Australian rules footballer (1869–1947)

Jim Anderson (17 November 1869 – 13 September 1947) was an Australian rules footballer who played for the Essendon Football Club in the Victorian Football League (VFL).

==Family==
The son of John Stewart Anderson (1846-1918), and Rebecca Irene Anderson (1835-1915), née Oswald, née Tyrer, James Anderson was born at Sandford, near Casterton, Victoria on 17 November 1869.

He married Phoebe Faull Rodda (1871-1955) on 30 September 1896.

==Football==
===Essendon (VFA)===
Recruited from Scotch College, Melbourne, then situated in East Melbourne, Anderson, a defender, played in three successive premiership teams in 1892-1894 during his time with Essendon in the VFA.

In his debut match, playing against North Melbourne in the first home-and-away match for the 1892 season, at the East Melbourne Cricket Ground, on 7 May 1892, it was noted that "Anderson, a Scotch College follower, played remarkably well", and that he was "a very promising follower" (especially significant given that the experienced follower, Fred Ball, in the second of his six seasons with Essendon, was unable to play in that match due to illness).

===Essendon (VFL)===
Playing at center half-back, he was one of the 20 who played for Essendon in its first VFL match against Geelong, at Corio Oval, on 8 May 1897: Jim Anderson, Edward "Son" Barry, Arthur Cleghorn, Tod Collins, Jim Darcy, Charlie Forbes, Johnny Graham, Joe Groves, George Hastings, Ted Kinnear, George Martin, Bob McCormick, Pat O'Loughlin, Gus Officer, Ned Officer, Bert Salkeld, George Stuckey, George Vautin, Norman Waugh, and Harry Wright.

He was also a member of VFL premiership team in 1897 (there was no Grand Final in 1897) and in the 1901 team that beat Collingwood in the Grand Final.

In 1903 and for part of 1904, he was club captain, and he twice represented Victoria at interstate football.

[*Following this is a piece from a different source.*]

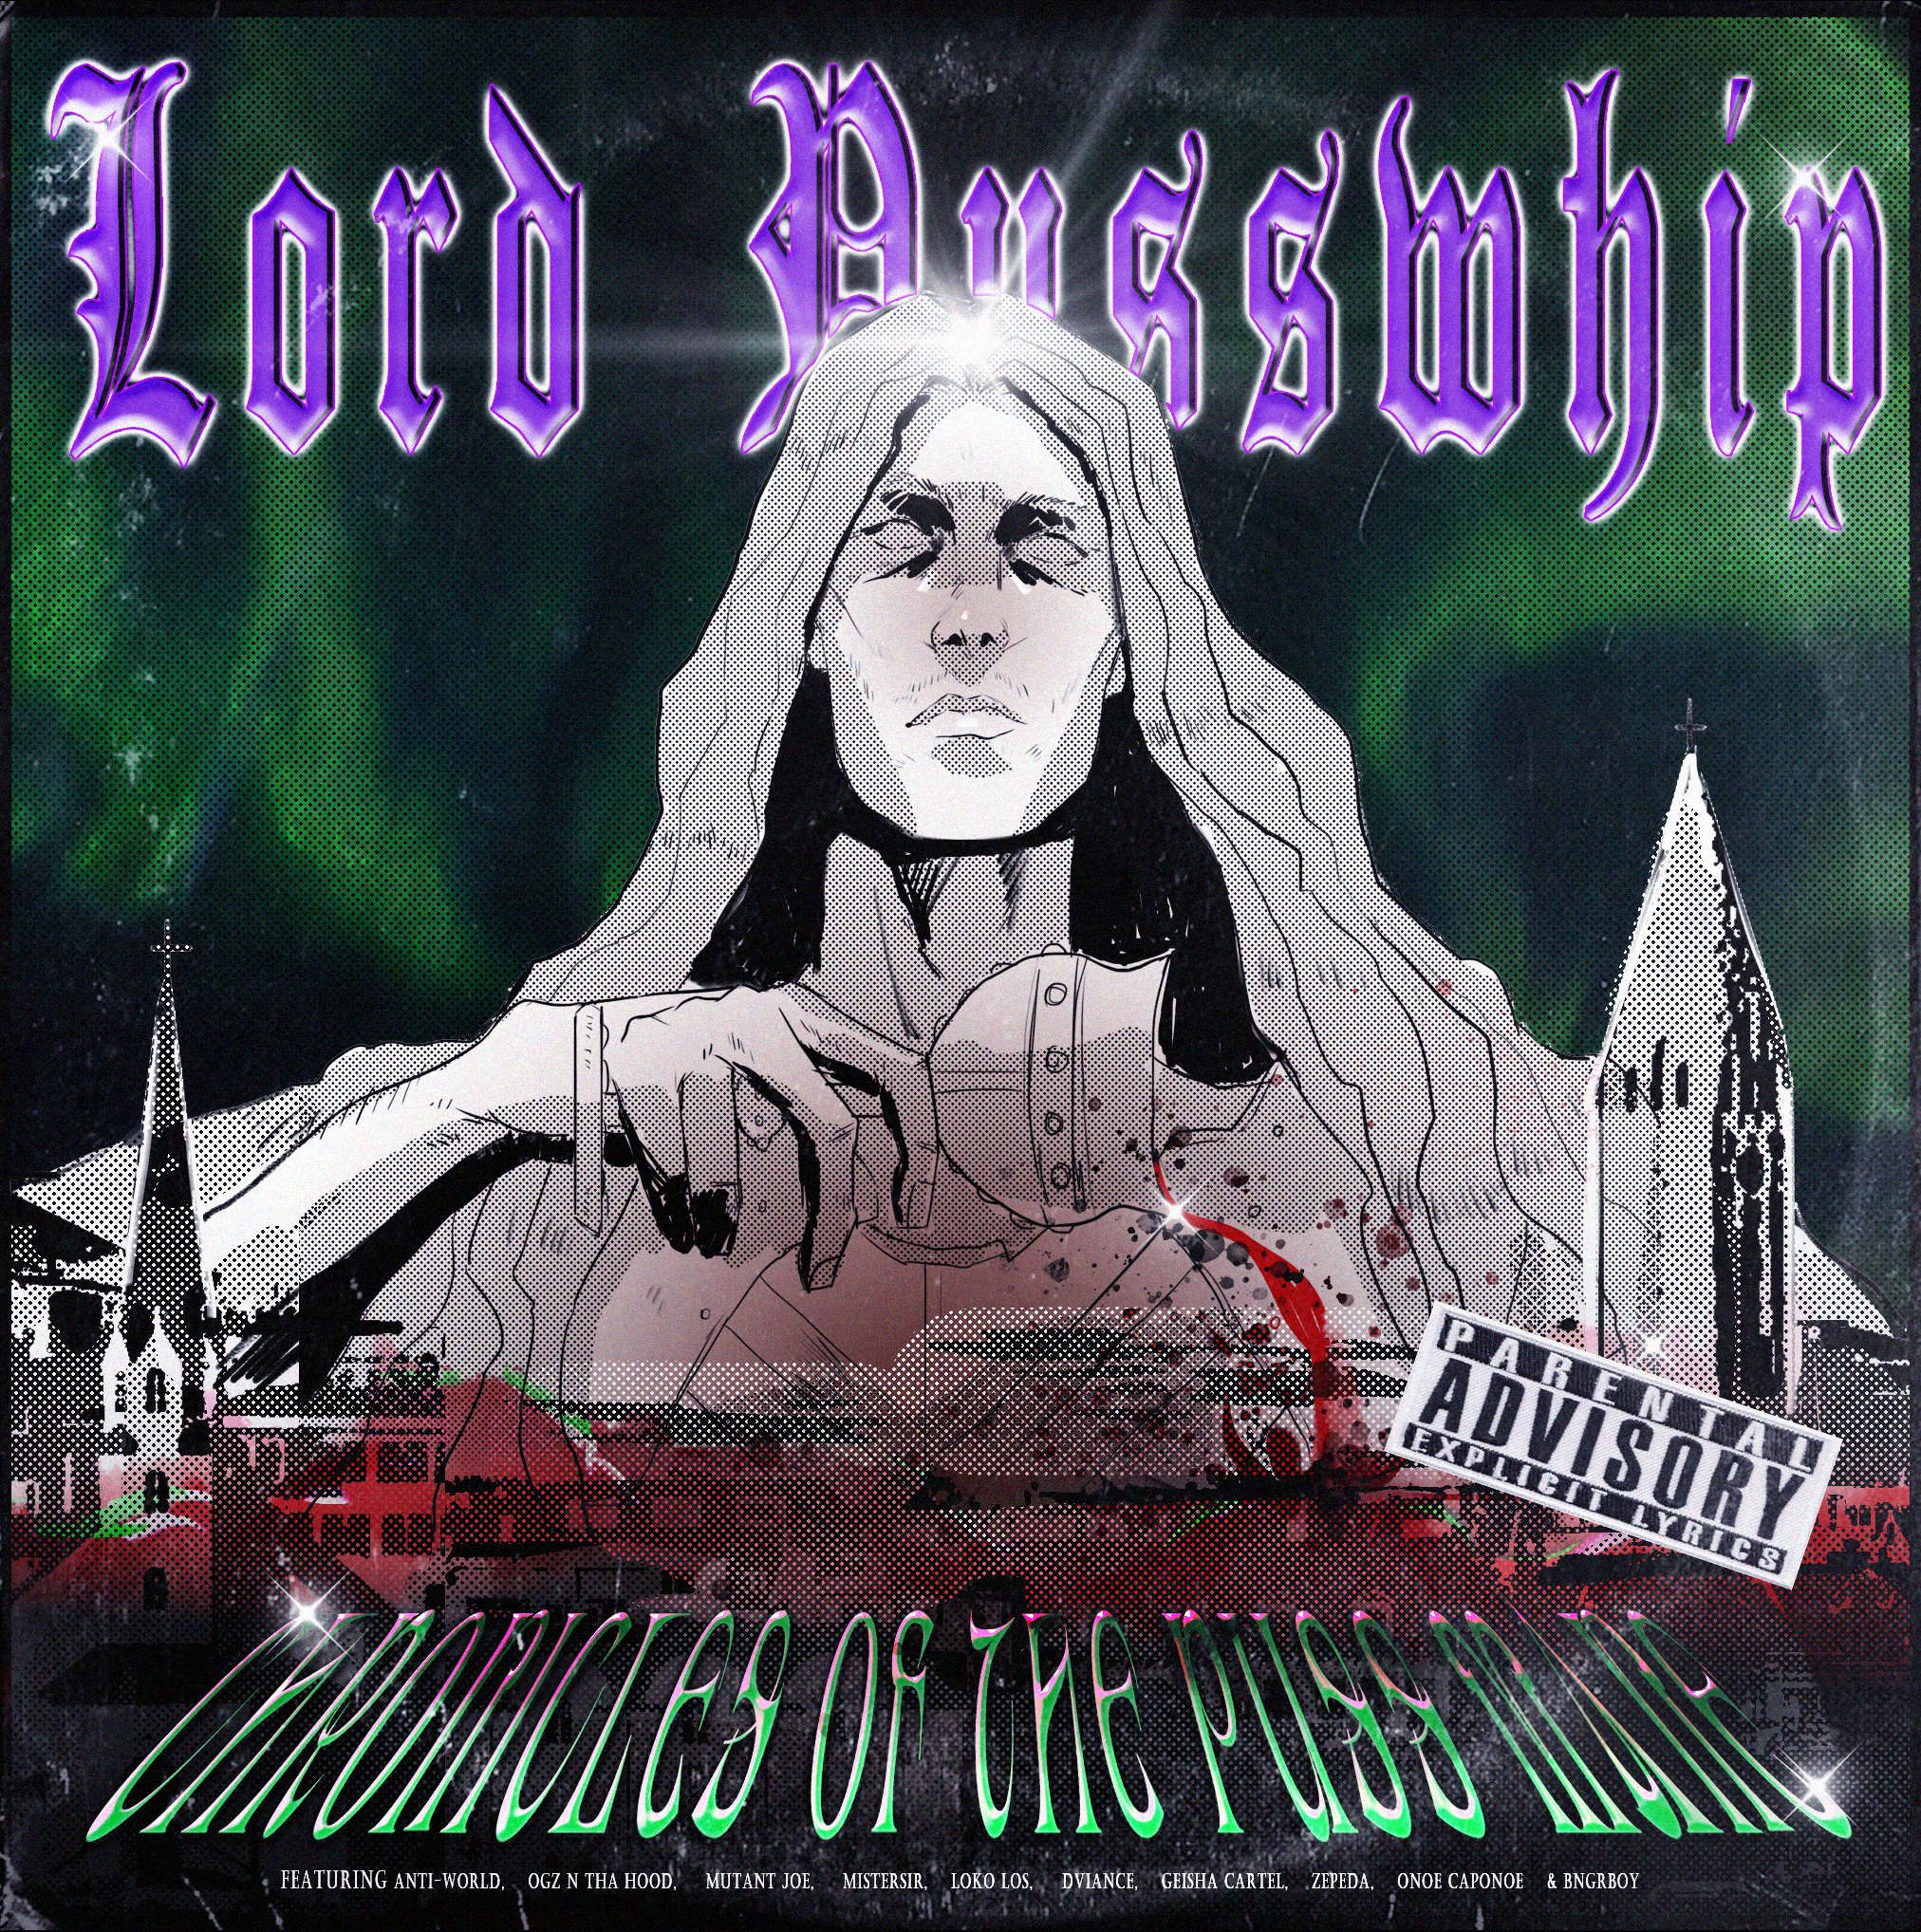 Lord Pusswhip Twitterissa Https T Co 1pfolb93ci Chronicles Of The Puss Mane Compilation Mix Of Pusswhip Rarities B Sides And Unreleased Works From Recent Years Featuring Anti World Ogz N Tha Hood Mutant Joe Mistersir Loko Los Find out new released 'telugu songs' with their lyrics in english (roman) script. twitter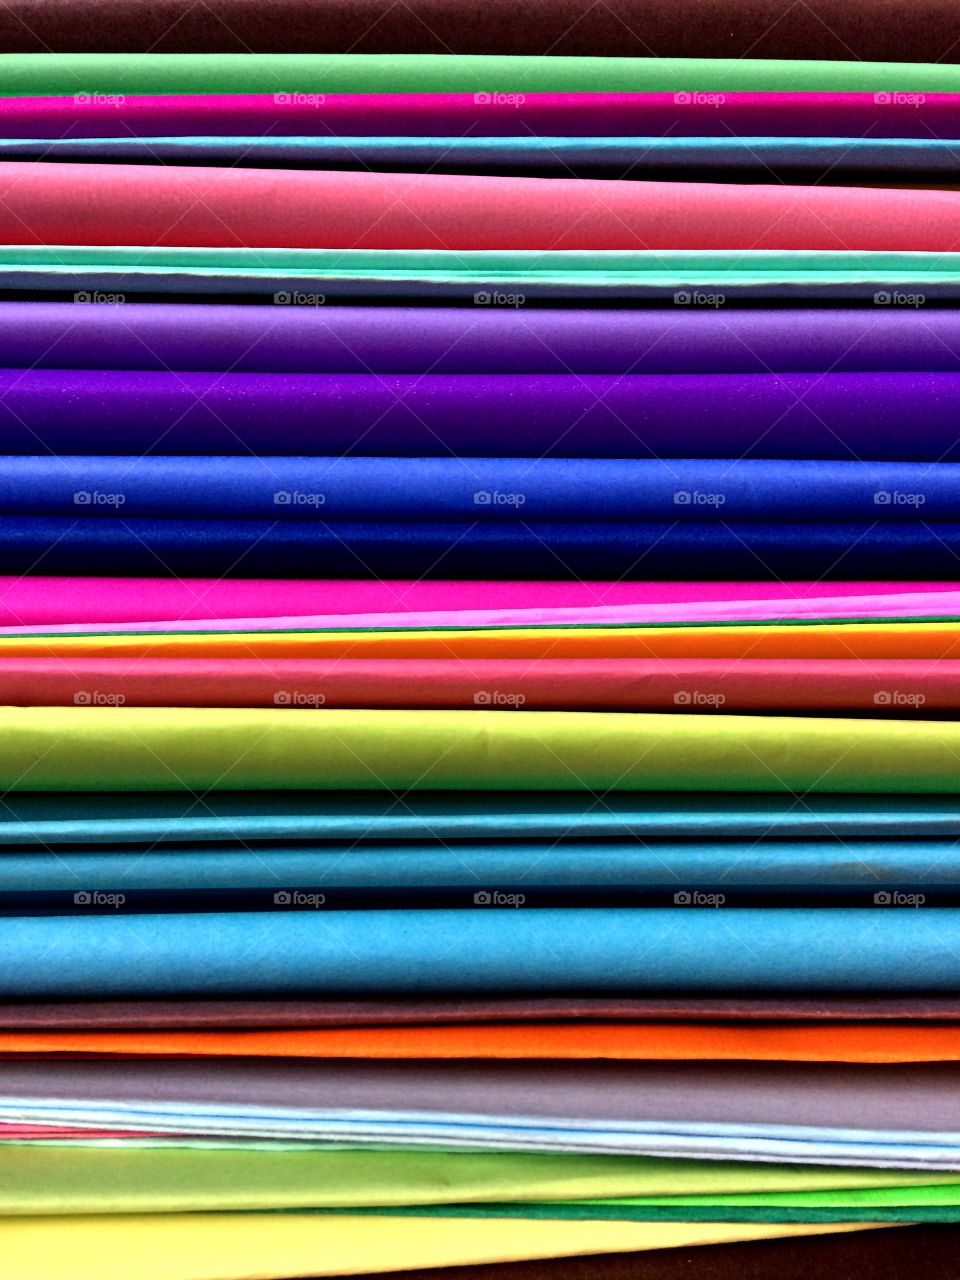 Colorful papers

He played a total of 201 VFA and VFL games over 14 seasons, becoming the first Essendon player to play 200 games, with his games total being the club record until it was broken by Dick Reynolds in Round 8, 1945.

===Horsham (WFA)===
In 1906 he became the captain-coach of the Horsham Football Club in the Wimmera Football Association. He was still playing at the age of 43.

==Death==
He died at Horsham, Victoria on 13 September 1947.